Comcast will pay $1.5 million for a vendor breach that compromised personally identifiable information of cable subscribers, the FCC Enforcement Bureau ordered Monday. The company will also implement a compliance plan that includes vendor oversight practices related to customer privacy and information protection, the bureau said. The 2024 data breach involved information about 237,702 current and former Comcast customers that was held by debt-collection firm Financial Business and Consumer Solutions.
States can't easily do targeted outreach, support migration or identify people still relying on analog telecommunications relay services due to their lack of access to customer data, according to the National Association of State Relay Administration. In a meeting with FCC staffers, NASRA board members urged the commission to allow an exemption for TRS vendors to share customer data with state TRS administrators for outreach and transition support, said a filing posted (docket 03-123). That would help ensure device solutions for households without broadband, the group said.
The Mille Lacs Band of Ojibwe criticized the FCC’s approach to revising National Environmental Policy Act rules in an August NPRM (see 2509190053), according to a filing posted Monday in docket 25-217. “This is an irrationally rushed docket with questionable efforts to consult in a genuine or meaningful manner with Tribal Nations, without ample consultation opportunities, and with overly prescribed allowance for consultation,” the Minnesota tribe said.
Anuvu is supposed to show how the C-band Relocation Payment Clearinghouse was wrong in finding that the company can't get reimbursed for its German facility modifications, but it hasn't made the case of where the clearinghouse erred, the FCC Enforcement Bureau said in a brief posted Monday (docket 21-333). The bureau said much of Anuvu's argument revolves around one footnote in the FCC's C-band clearing order, and the agency can't make broad policy announcements in footnotes. But the C-band clearing order repeatedly makes clear that reimbursement of transition costs is only for those incurred within the U.S., the bureau said.
An FCC order that addresses gear authorization rules, which commissioners approved in October, will take effect Dec. 26, said a notice for Tuesday’s Federal Register. The order clarifies that rules prohibiting authorization of covered equipment include modular transmitters and imposes a prohibition on the authorization of devices that include modular transmitters that are covered equipment (see 2510280024).

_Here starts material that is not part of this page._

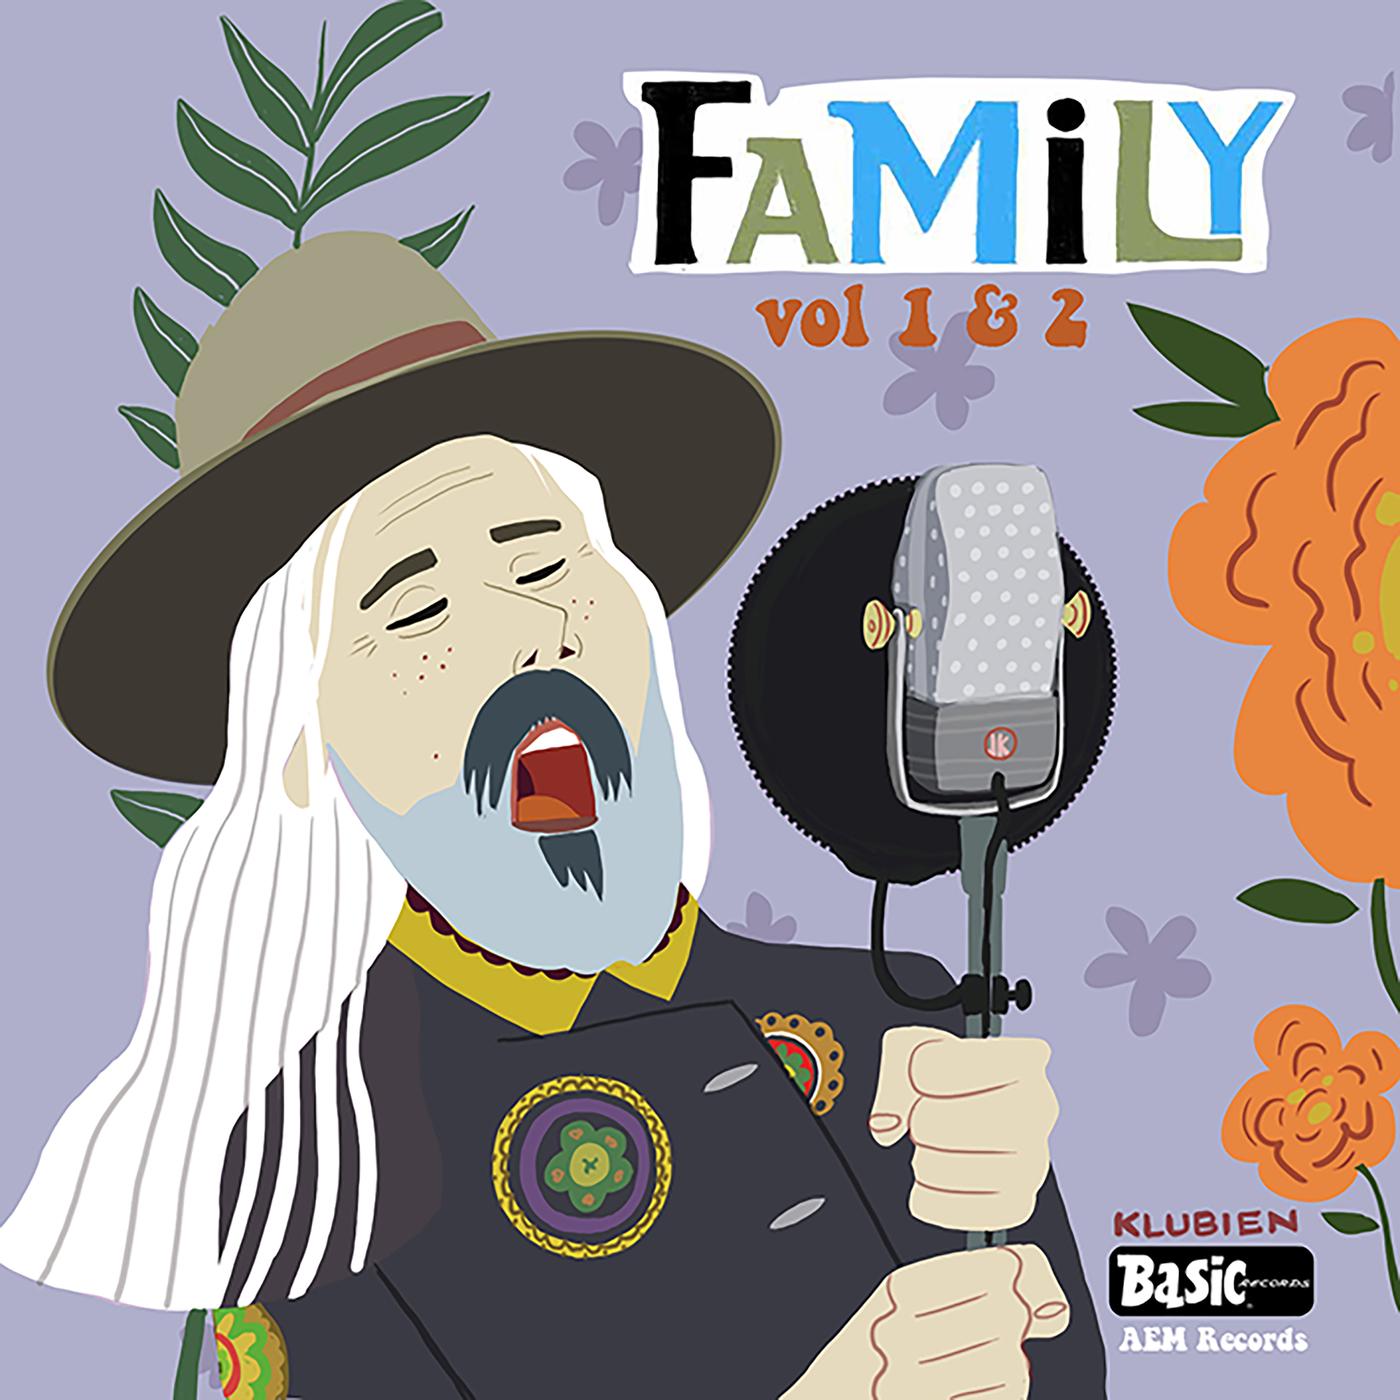 Family Volume 1 & 2 - Klubien

Representatives of the Alaska Telecom Association met with staff from the FCC Wireless Bureau and Office of Economics to seek clarity on the eligible-areas map for the Alaska Connect Fund, according to a filing posted Monday in docket 23-328. Association members “inquired about the data set used to create the Map and urged the Commission to provide additional information about the areas that have been deemed ineligible.” They noted the burden of testing and challenging large areas of the map where service may not be available today.

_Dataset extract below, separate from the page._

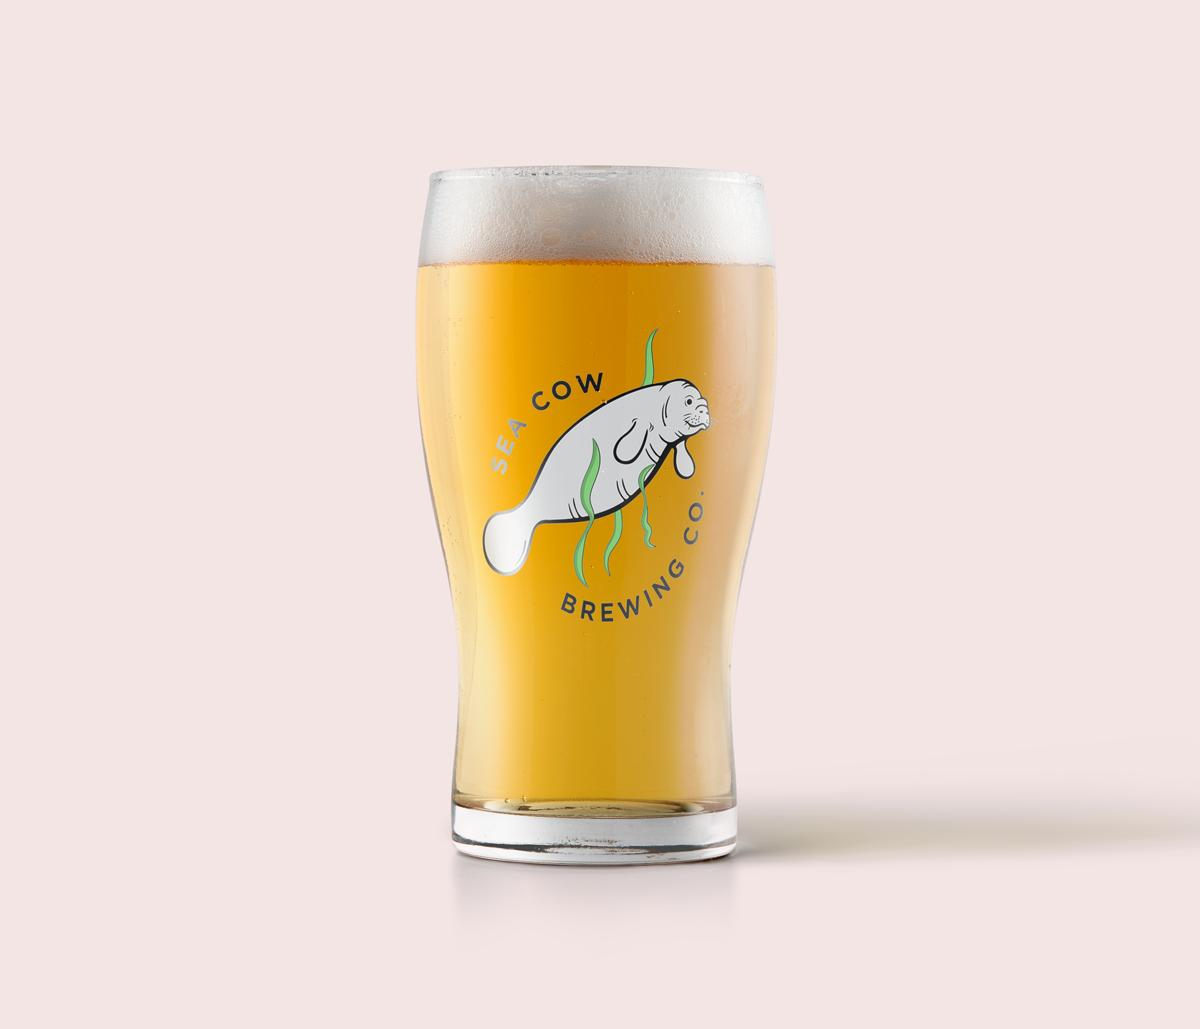 Sea-Cow-Beer-Mug.png

Google subsidiary Starfish is seeking FCC approval to build and test parts of the Bulikula submarine cable system in U.S. territory while the agency reviews the cable landing license application. In a special temporary authority application Friday, Starfish said it needs approval by Dec. 16 so cable-laying activities in U.S. territory can start on schedule. The Bulikula system would connect Guam, the Northern Mariana Islands and Hawaii to Fiji and French Polynesia. Google applied for FCC approval in November 2024 (see 2411180002).
The FCC commissioners' last meeting of 2025 will see votes on draft orders about robocalls and low-power TV (LPTV), Chairman Brendan Carr blogged Monday. He told reporters after the agency's meeting last week that the December agenda would likely be lighter than some previous months.
The two major differences between the draft and final versions of the FCC's NPRM on rules for an upper C-band auction were questions about a potential tribal window for the spectrum and about future satellite and other uses. Commissioners approved the notice 3-0 at Thursday's meeting (see 2511200046), where the changes were discussed. The final NPRM was posted in Monday’s Daily Digest.
FCC General Counsel Adam Candeub faced some tough questions as he defended the agency's order establishing a regime that's designed to promote use of the 4.9 GHz band by giving the FirstNet Authority access to the spectrum (see 2509160005). A three-judge panel of the U.S. Court of Appeals for the D.C. Circuit heard oral argument Monday.